3. The Disaster of 1927

Throughout the 1920s the Comintern dispatched advisors and funds to the CCP in China. In 1923, Comintern advisor Mikhail Borodin instructed the CCP to cease building an independent party, and merge its organization with the nationalist KMT. In line with the geopolitics of the Soviet state, and its interpretation of Lenin's Imperialism: The Highest Stage of Capitalism, Borodin believed a united nationalist movement in China would weaken global capitalism and thereby defend the USSR. The party followed the Comintern's directives and fused with the KMT in 1924, over the objections of some of its cadre. The same year, the Comintern helped establish the Whompoa Military Academy in Guangzhou, to help train the KMT military. Sun Yat-Sen died the following year, and KMT leadership was taken over by Chiang Kai-Shek. In 1926, Chiang was accepted as an honorary member of the Comintern, and the KMT was incorporated as an associate party.

Popular rebellion continued to grow in the cities and the countryside. The "May Thirtieth Movement" erupted in 1925, after protesters were killed in Shanghai's imperialist districts, leading to strikes across China's industrial areas.
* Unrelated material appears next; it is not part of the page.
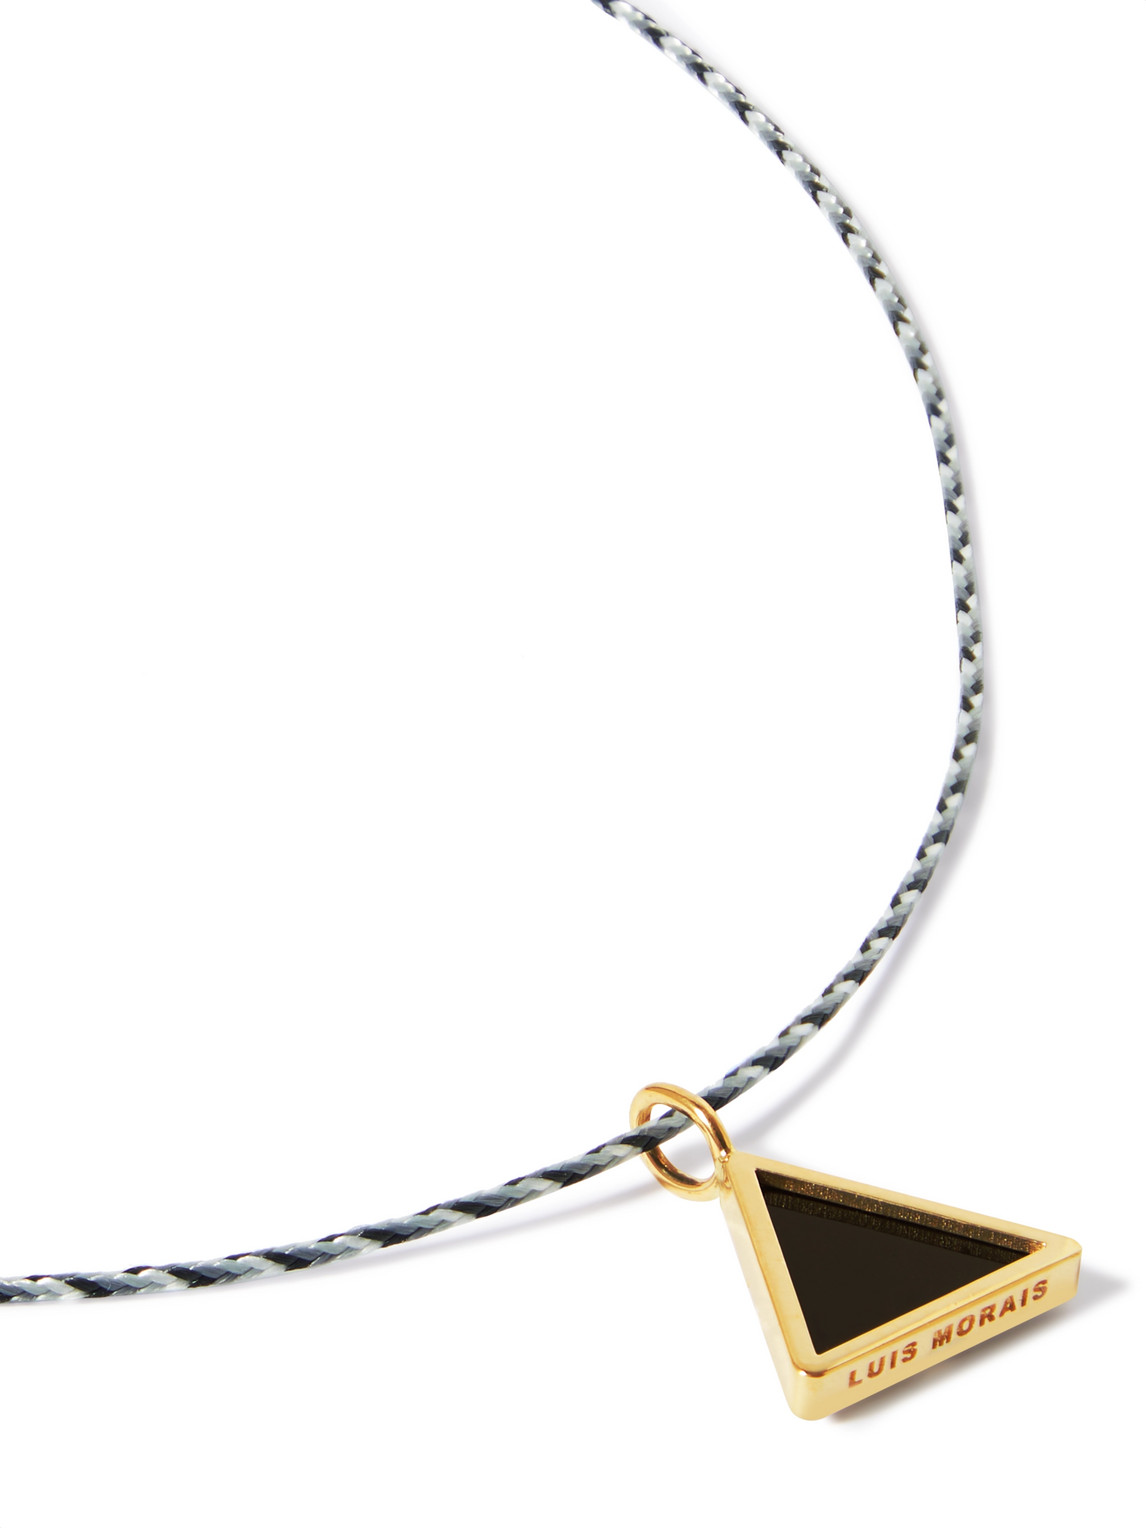 Luis Morais Gold, Onyx And Cord Necklace In Black

A wave of peasant insurrections swept Hunan Province in the following months. As the party participated in both of these struggles, it ballooned in size. From only 1,000 members at the start 1925, membership leapt to 10,000 with the May Thirtieth Movement; 30,000 by July 1926; and 58,000 by April 1927. The KMT was also emboldened by the wave of rebellions. In 1926, Chiang Kai-Shek launched a military campaign to unify China and bring warlordism to an end: the Northern Expedition. CCP cadres worked in tandem to help bring the KMT to power. As Chiang's armies moved through southern China, the party mobilized 1.2 million workers and 800,000 peasants in a series of strikes and uprisings.

Yet as the KMT ascended, its antagonism with the CCP became ever more apparent. After being brought to power in Guangzhou by a general strike, Chiang disbanded the leading Canton–Hong Kong strike committee and imprisoned party cadres. At this "betrayal" many CCP members moved to split with the KMT but were prevented from doing so by Borodin, who instructed CCP members to apologize to Chiang and refrain from conducting agrarian reforms or seizing private property in the province. The party's leaders dutifully followed suit.
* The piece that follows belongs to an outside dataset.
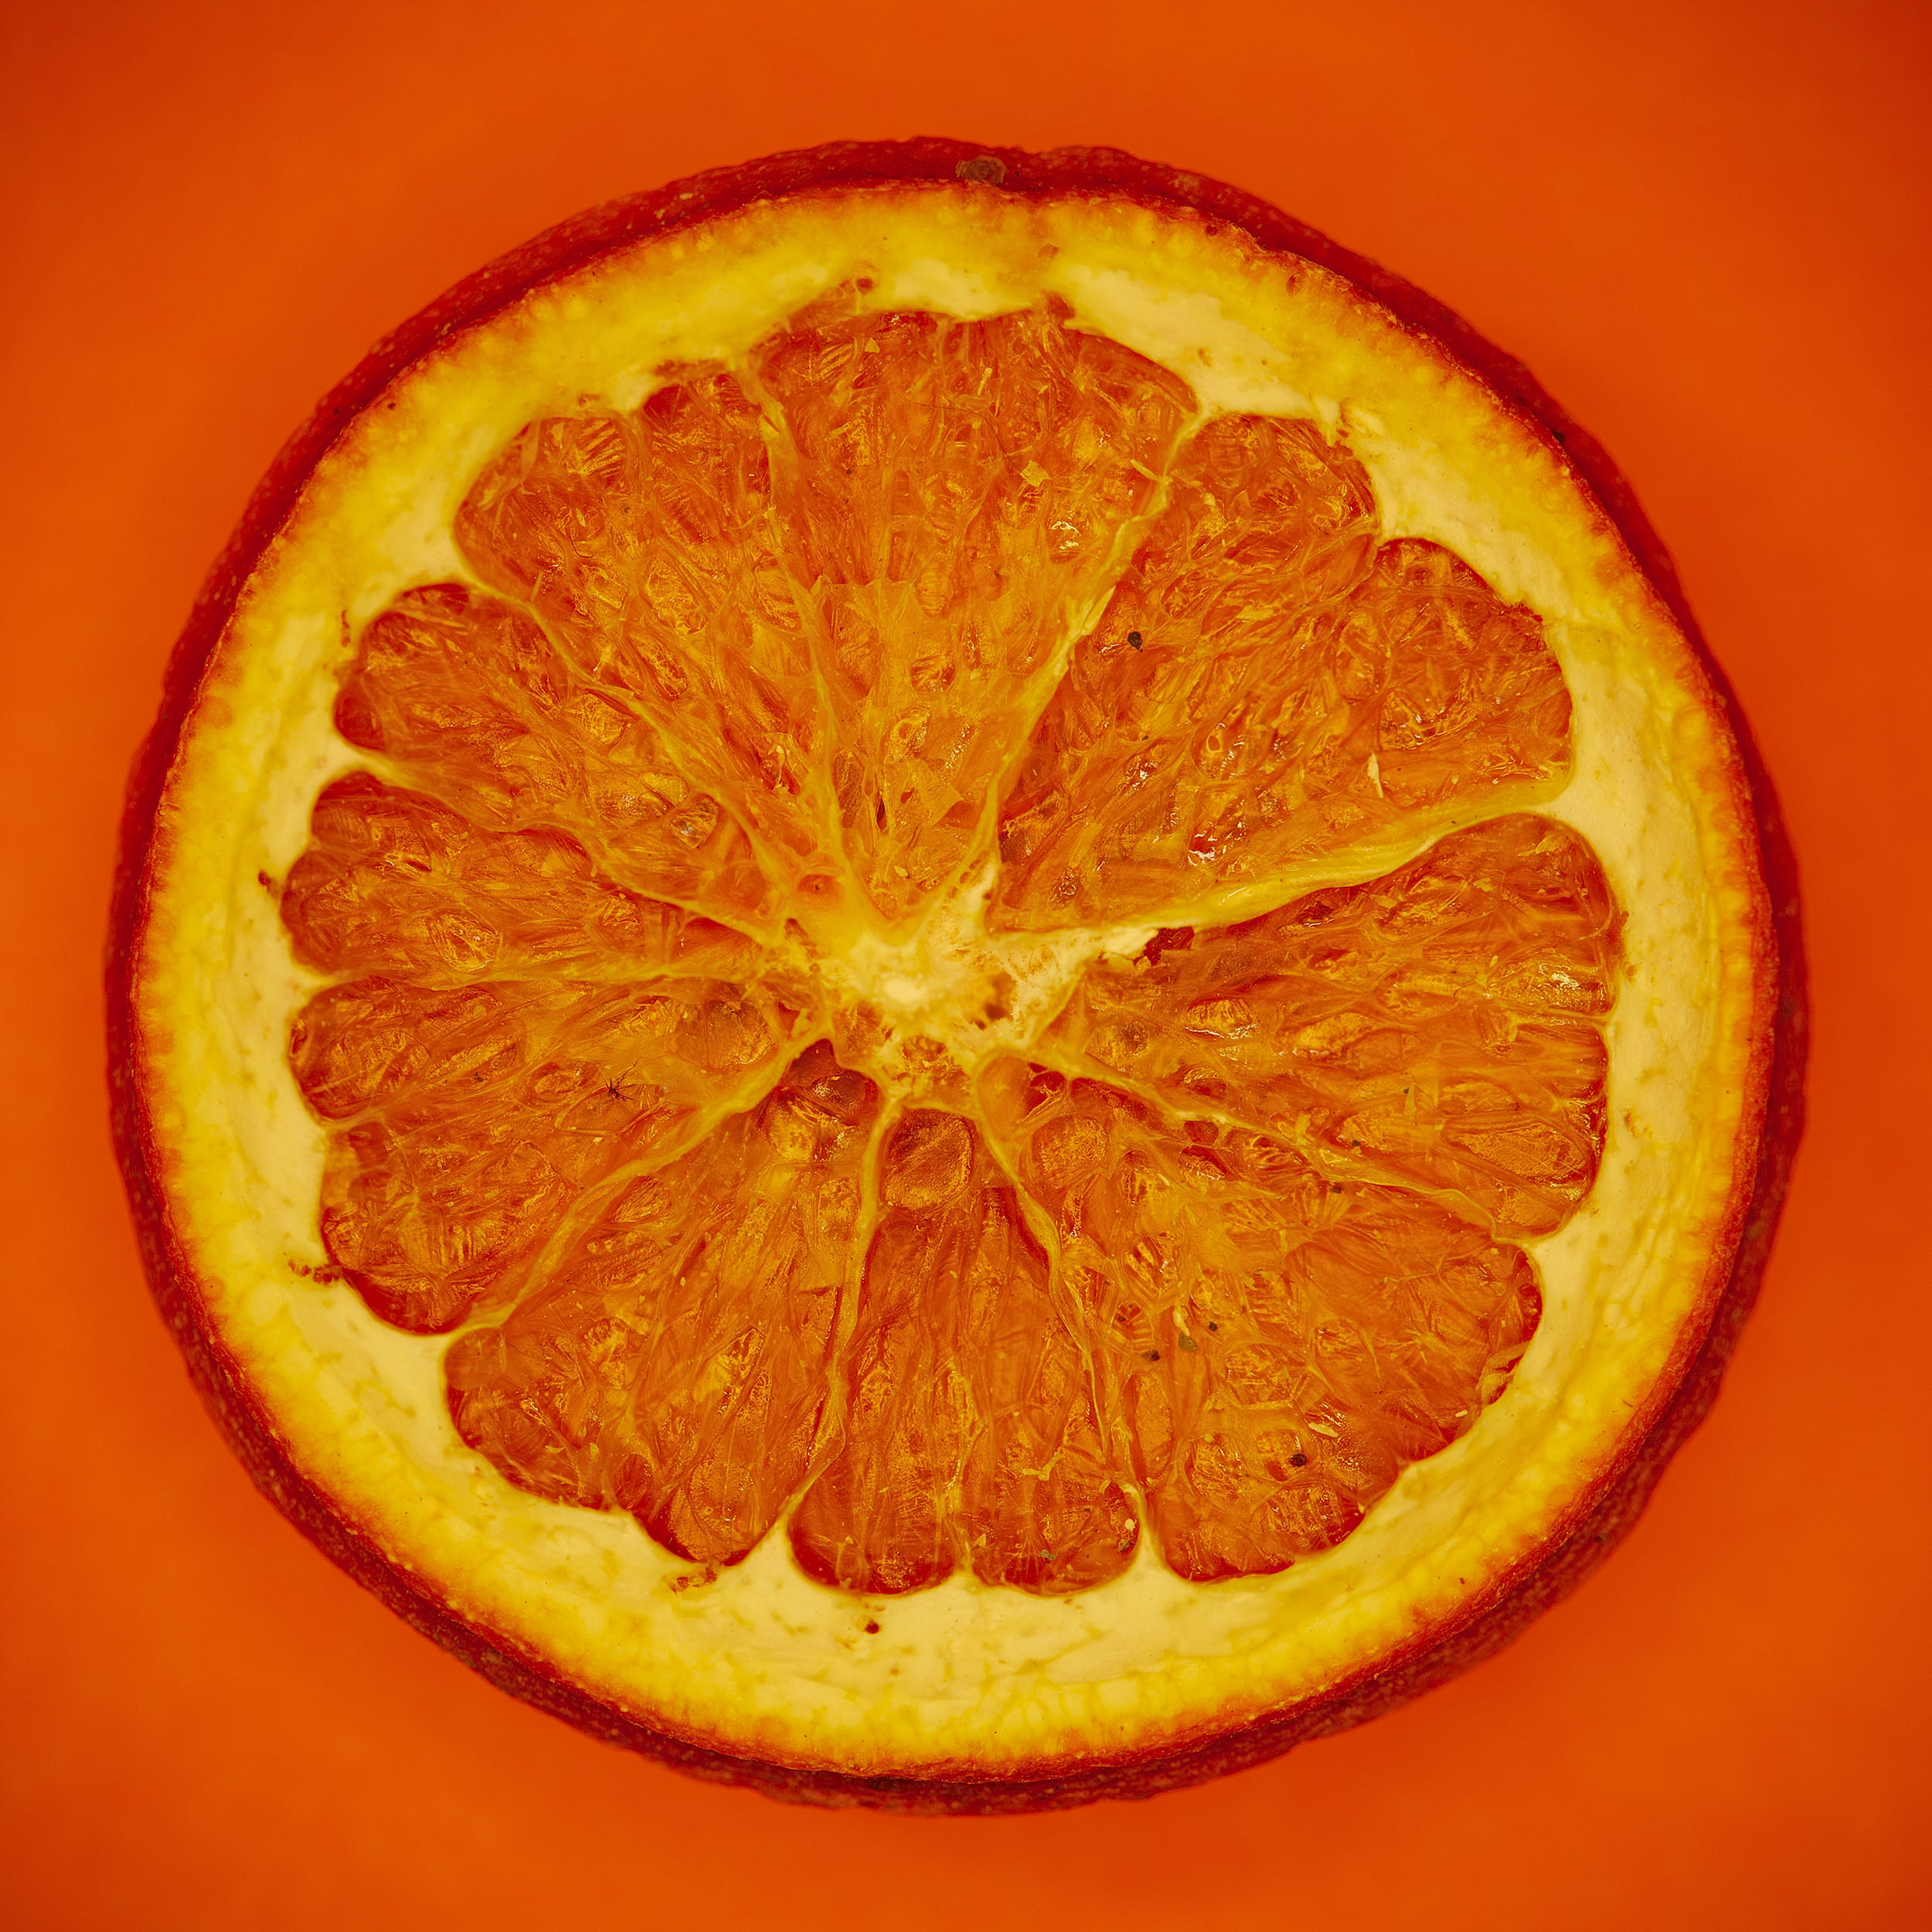 Photograph by Rhianna Cleaveley showing a dried slice of orange on an orange background.

With working-class militancy stifled in the south, Chiang launched his military expedition in June 1926. Again the CCP organized strikes and uprisings ahead of Chiang's advancing army, and by February 1927, KMT troops were approaching the working-class stronghold of Shanghai. The Shanghai General Labor Union called for a general strike to usher Chiang to power, fielding 350,000 workers in street battles, but Chiang halted his forces at the outskirts of the city and waited for the movement to exhaust itself. Only after a second wave of street fighting brought 500,000–800,000 workers into the streets, at great human cost, did Chiang take the city. With the industrial heart of China under his control and the workers exhausted, Chiang ordered his First Division troops — composed of revolutionary soldiers from Shanghai — out of the area. He then executed a purge of all communist forces in the city. CCP members were rounded up in raids on union and party offices. Hundreds were imprisoned, and others were executed in the street by gunshot or beheading. The Shanghai purge was repeated across KMT territory over the following year, in a mass crackdown that killed as many as 200,000 CCP members and militant workers. It was a crushing blow to the working-class movement.